The World Health Organization (WHO), criticized by countries such as the US for its alleged support for China in the current health crisis, opens Monday one of its most complicated annual assemblies, devoted almost entirely to strengthening global coordination against the pandemic. of COVID-19. The assembly will last only two days and will be held virtually due to the limitations that the pandemic itself has imposed on travel and mass events, which is why representatives of the 194 member states, among which several state leaders are expected, will intervene by videoconference.

The annual meeting comes at a time when WHO is attracting almost unprecedented global attention in its 72-year history, for its coordinating and advisory role in a pandemic that affects 4.5 million people worldwide and has caused more 300,000 dead, something that has also made it the target of numerous criticisms.

Coming mainly from the US, but also from governments such as the Australian or the German, many criticisms are directed at the WHO director-general, the Ethiopian Tedros Adhanom Ghebreyesus, accused of having over-relied on the information provided by China in the first weeks of the crisis, at the beginning of the year.

Those criticisms led the US President, Donald Trump, to freeze his country’s contribution to the WHO in April, which represents approximately 15% of the total budget of the organization: the United States, the country with the most cases of COVID-19 in the world, 1.5 million, is traditionally the main donor.

The European Union, another of the territories severely affected by the coronavirus in recent months, will present a proposal for a resolution at the assembly, together with other WHO members, calling for a review of the organization’s management of the pandemic. , looking for responsibilities.

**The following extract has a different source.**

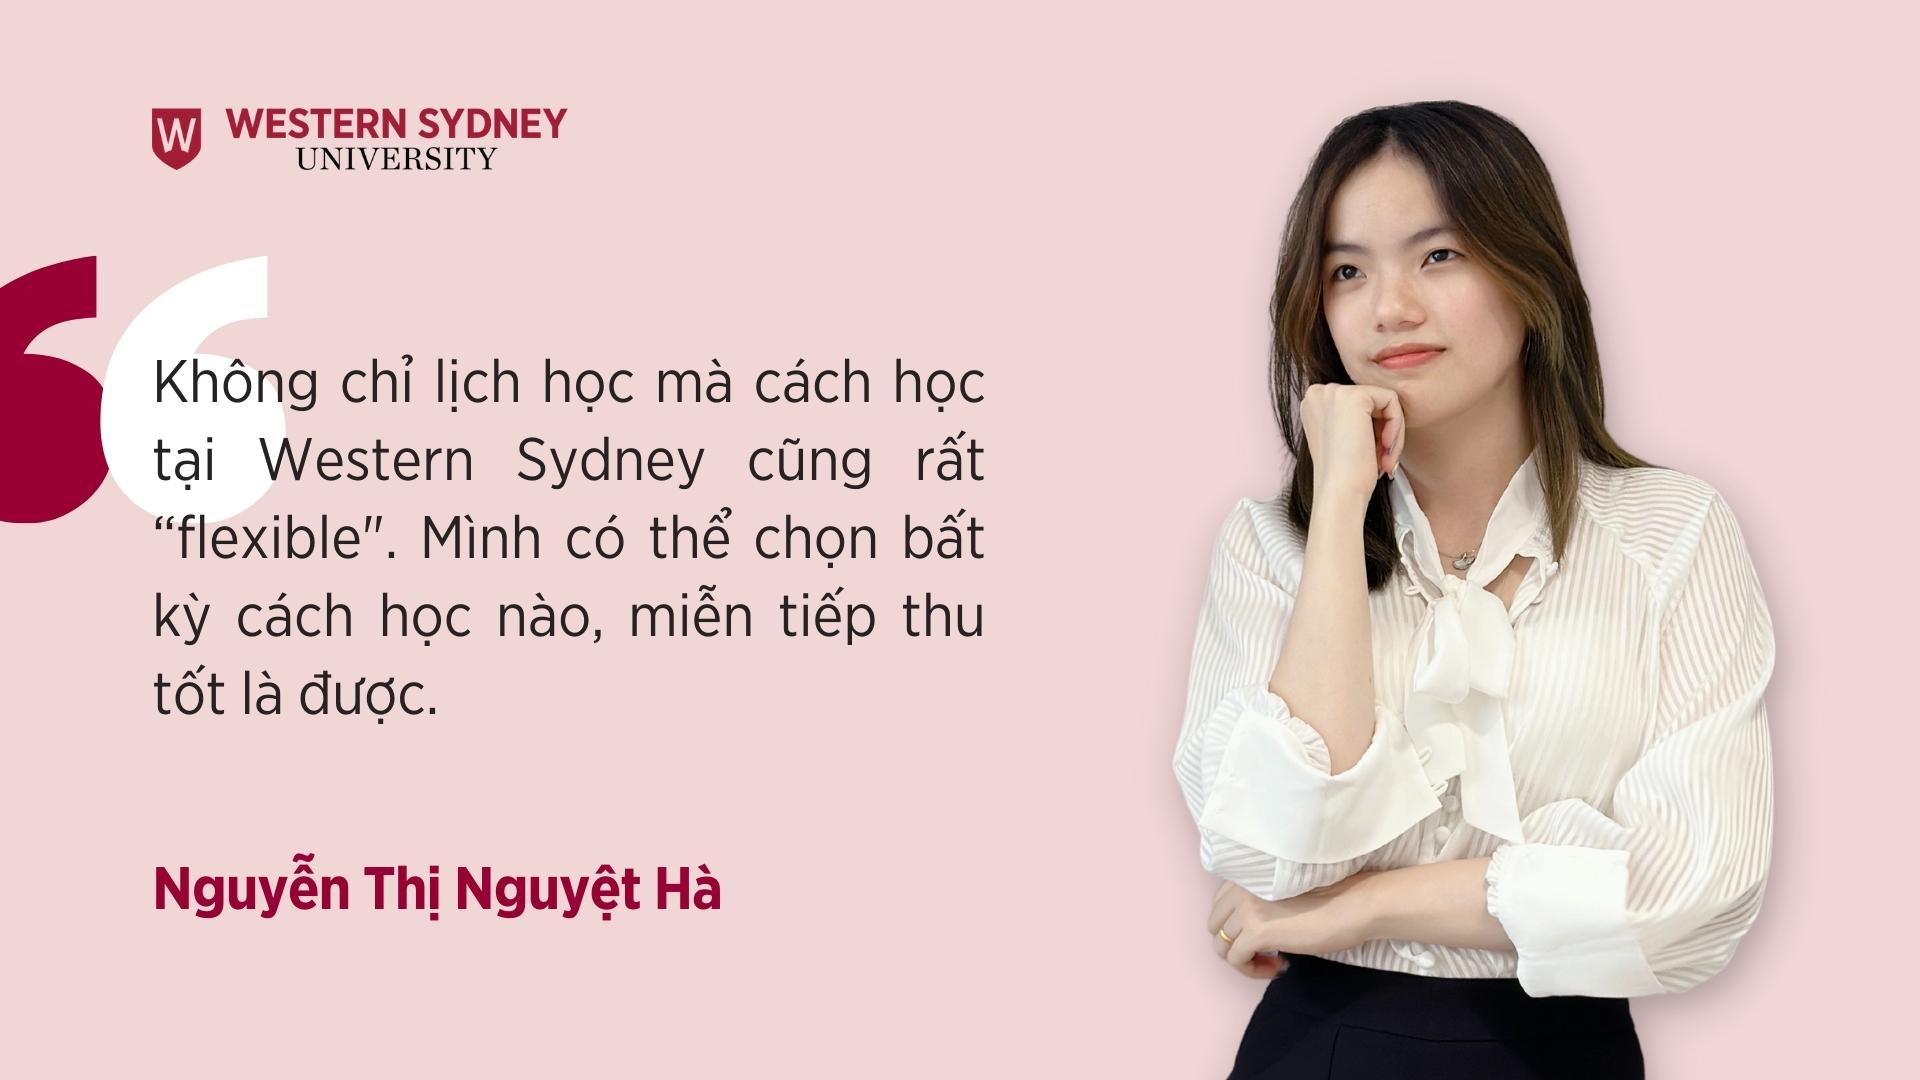 Môi trường học tập cở mở là một điểm mà Hà rất thích khi học tập tại Western Sydney Việt Nam

The last point of the resolution, which also has Russia, Japan, Mexico, and Australia, among others, as signatories, asks to start as soon as possible “a gradual process of impartial, independent and exhaustive evaluation” of the international health response coordinated by the WHO. against COVID-19.

The search for responsibilities could add tension to an assembly in which not only the WHO but also China, the origin of the pandemic, could receive criticism about its management, in the opinion of the expert in the organization Jeremy Youde, of the University of Minnesota Duluth (USA).

“In the pandemic, influential countries accuse each other of not having done enough, which has become a problem and a challenge for the WHO, an organization that always tries to be diplomatic with all its members,” he said.

The assembly will have in its agenda another thorny point, that of including or not in it as an observer to Taiwan, the first territory in the world to initiate preventive measures against the coronavirus and the one that has shown one of the most exemplary efforts, having registered only 440 cases and seven deaths.

Diplomatic allies of the island, including Latin American countries such as Guatemala, Honduras, Nicaragua or Paraguay, formally requested to invite Taiwan; and the United States, through the mouth of its Secretary of State Mike Pompeo, also publicly requested that the island be present, something that will be voted on initially.

However, it is feared that the Chinese government, openly confronting the Taiwanese president Tsao Ing-wen since her arrival in office in 2016, vetoes that invitation and leave the island out of the assembly, as has already happened in the last four years.

On the other hand, the assembly is expected to send a message of solidarity to health workers who have sacrificed themselves in the fight against the coronavirus (at least 100,000 worldwide contracted the disease and 260 died, according to provisional figures, although it is believed that actual figures are much higher).


It will also be underlined that together with the enormous loss in human lives that COVID-19 has entailed, it has had a negative impact on many other aspects, from mental health to the economy or social welfare, increasing ills such as inequality, violence domestic or poverty.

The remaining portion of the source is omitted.